The coating compositions of the present invention can be formulated such that properties of the coating are balanced to meet the need for dissipation of kinetic energy and vibrational energy associated with particle impact and cavitation in order to protect the substrate and the need for resistance of the coating to erosion. The coatings are resistant to degradation by environmental factors such as water, elevated temperature, and sunlight.

The coatings are suitable for a wide range of uses, of which only a few examples are presented here. The coatings are useful in protecting parts of machines or structures which are exposed to particle impact or cavitation. For example, the coatings are useful for protecting pipes, ducts, or intake manifolds through which a fluid, that is, a gas, e.g., air, or a liquid, e.g., water, passes. For example, the coatings are useful in protecting the air intake ducts or manifolds of combustion engines used in environments were the air is heavily laden with dust or sand, e.g., engines used in mining operations. The coatings may also be useful in protecting the air intake ducts or manifolds of piston or jet aircraft engines.

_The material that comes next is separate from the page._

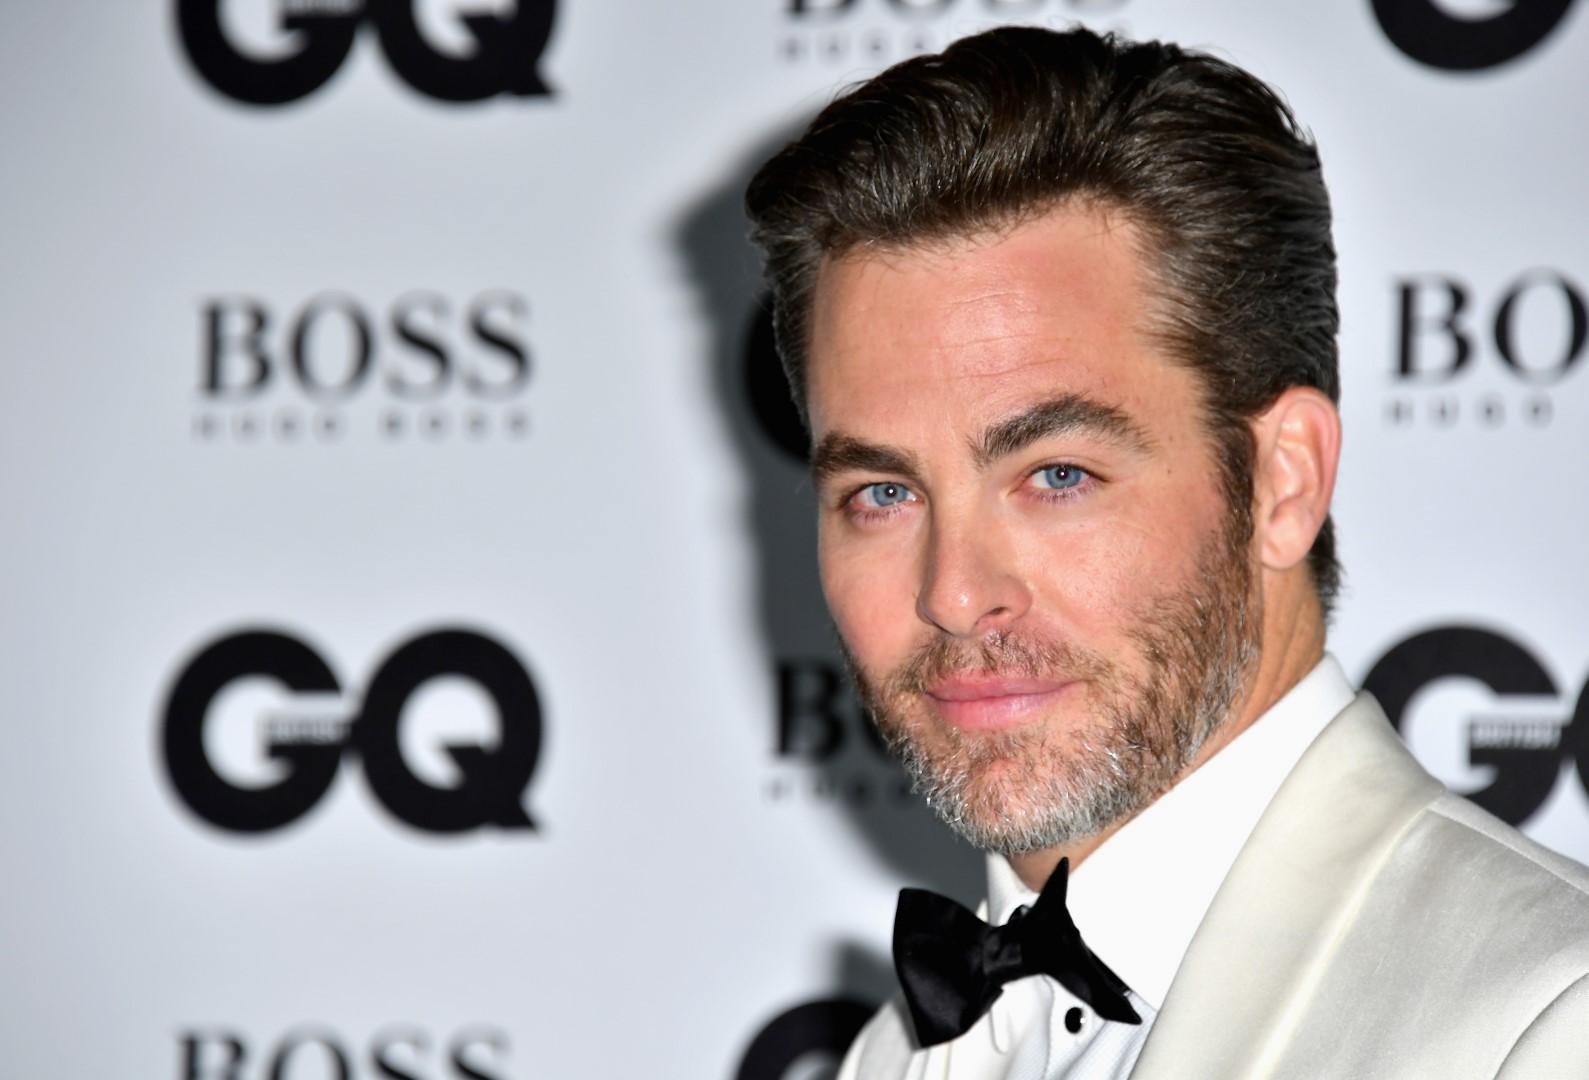 British GQ Men of the Year Awards 2016: il red carpet con Chris Pine, Amy Schumer e Florence Welch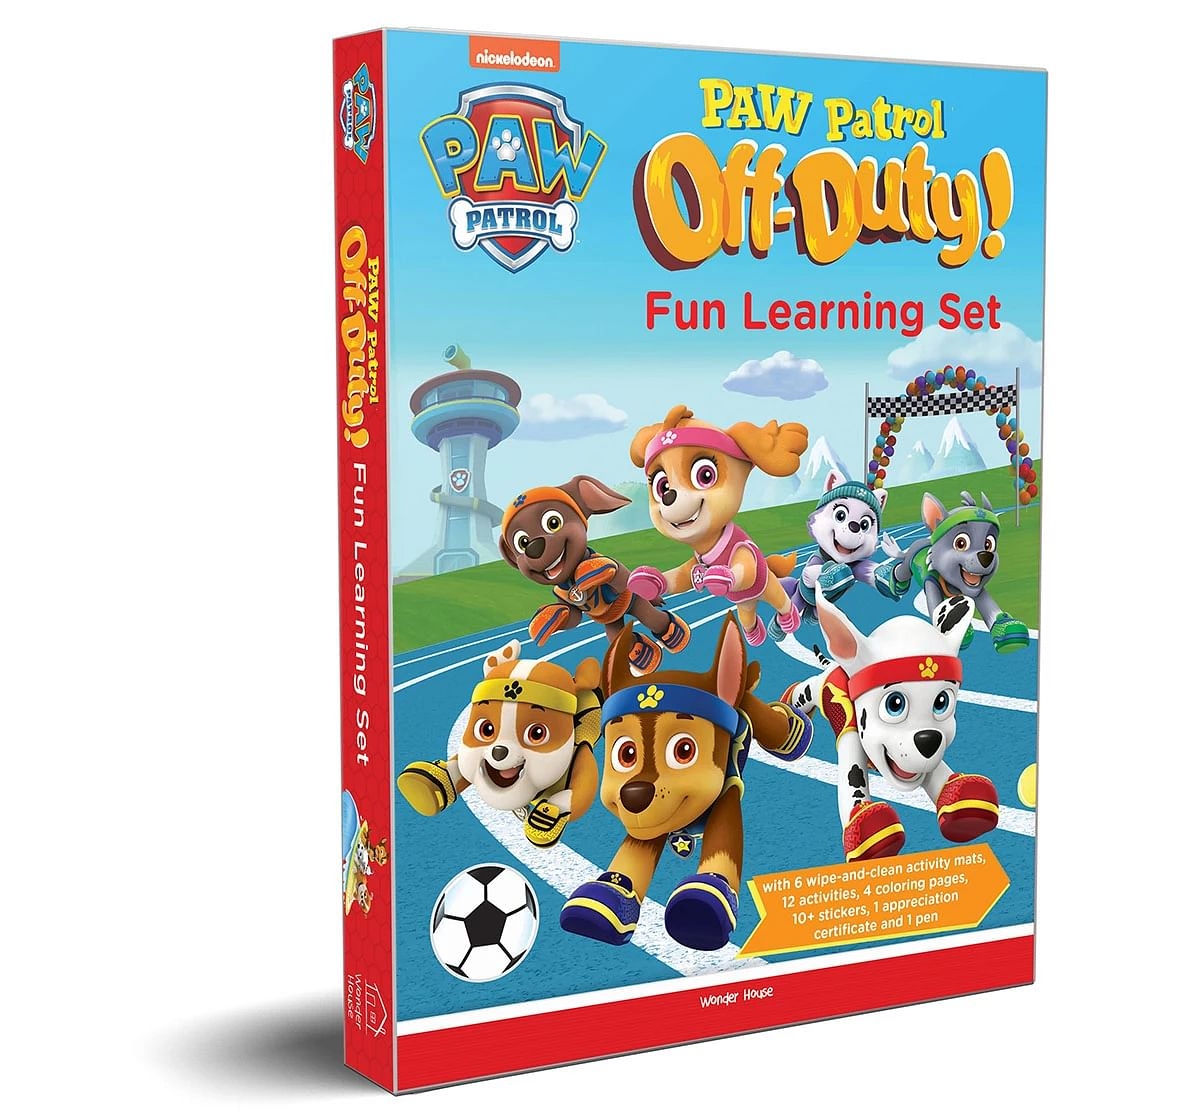 Wonder House Books Nickelodeon Paw Patrol Super Pup Heroes off Duty Fun Learning  Activity Set for kids 3Y+, Multicolour

The coatings are useful in protecting rotational units, such as rotational units which are used in a fluid, that is, a gas, e.g., air, or a liquid, e.g., water, medium. Such rotational units may convert the kinetic energy of the surrounding medium to rotational energy, or may convert rotational energy, i.e., the rotational unit is driven to rotate, to kinetic energy of the surrounding medium, e.g., the rotational unit propels the medium.

An example of a use is protecting turbines with the coating. For example, the water passing through hydroelectric turbines may contain a high concentration of small particles such as silt which impact various parts of the turbine, including turbine blades. Particle impact and cavitation can erode the material of which the turbine is formed. The silicone coatings of the invention protect a substrate, such as turbine blades or other turbine parts, from erosion by particle impact and cavitation. Another example of a use of the coating is in protecting fluid impellers, such as marine propellers, e.g., propellers for marine vehicles, from erosion caused by particle impact and by cavitation. The coatings are essentially unaffected by water, rendering them suitable for applications such as hydroelectric turbines and marine propellers.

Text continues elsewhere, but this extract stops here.